Doch die Stimmung wurde von Stunde zu Stunde immer schlechter. Die eingekesselten Atomkraftgegner drinnen durften nicht mal auf Toilette nach draußen. Und draußen hatten die Polizisten, die noch vor Stunden Verständnis zeigten, auch irgendwann keine Lust mehr, sich vor 15- und 16-Jährigen zu erklären. „Einer der Beamten, der vorher noch ganz freundlich war, knallte meinem Freund Sven mit dem Knüppel voll gegen das Knie“, erinnert sich Jan.

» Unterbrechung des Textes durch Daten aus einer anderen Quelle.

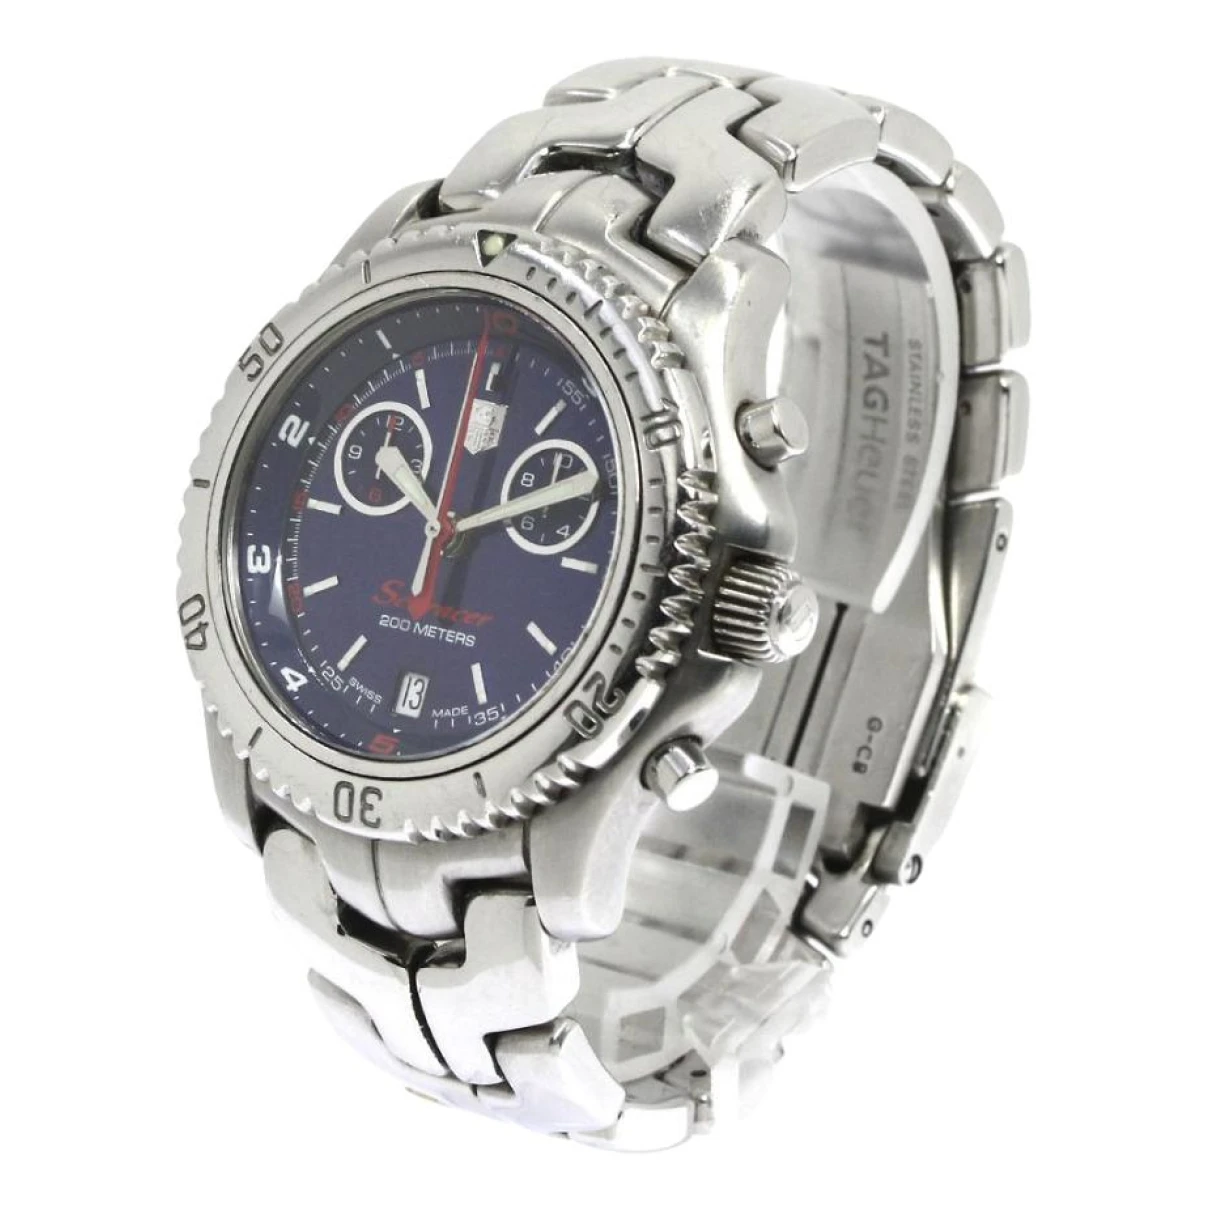 Pre-owned Tag Heuer Link Watch In Silver

Leserbriefschreiber kritisierte Innensenator Lange scharf
Als dann am Abend im fernen Queretaro Rudi Völler und Klaus Allofs aus einem 0:1 gegen Schottland ein 2:1 im zweiten WM-Vorrundenspiel machten, hielt auch Eberhard Schürmann nichts mehr im eigenen Wohnzimmer. Der besorgte Vater hatte seit mehr als zehn Stunden nichts mehr von seinem Sohn gehört, fuhr schließlich selbst zum Heiligengeistfeld und schilderte zwei Tage später in einem offenen Leserbrief an Innensenator Lange, den das Abendblatt abdruckte, was er vor Ort erlebte.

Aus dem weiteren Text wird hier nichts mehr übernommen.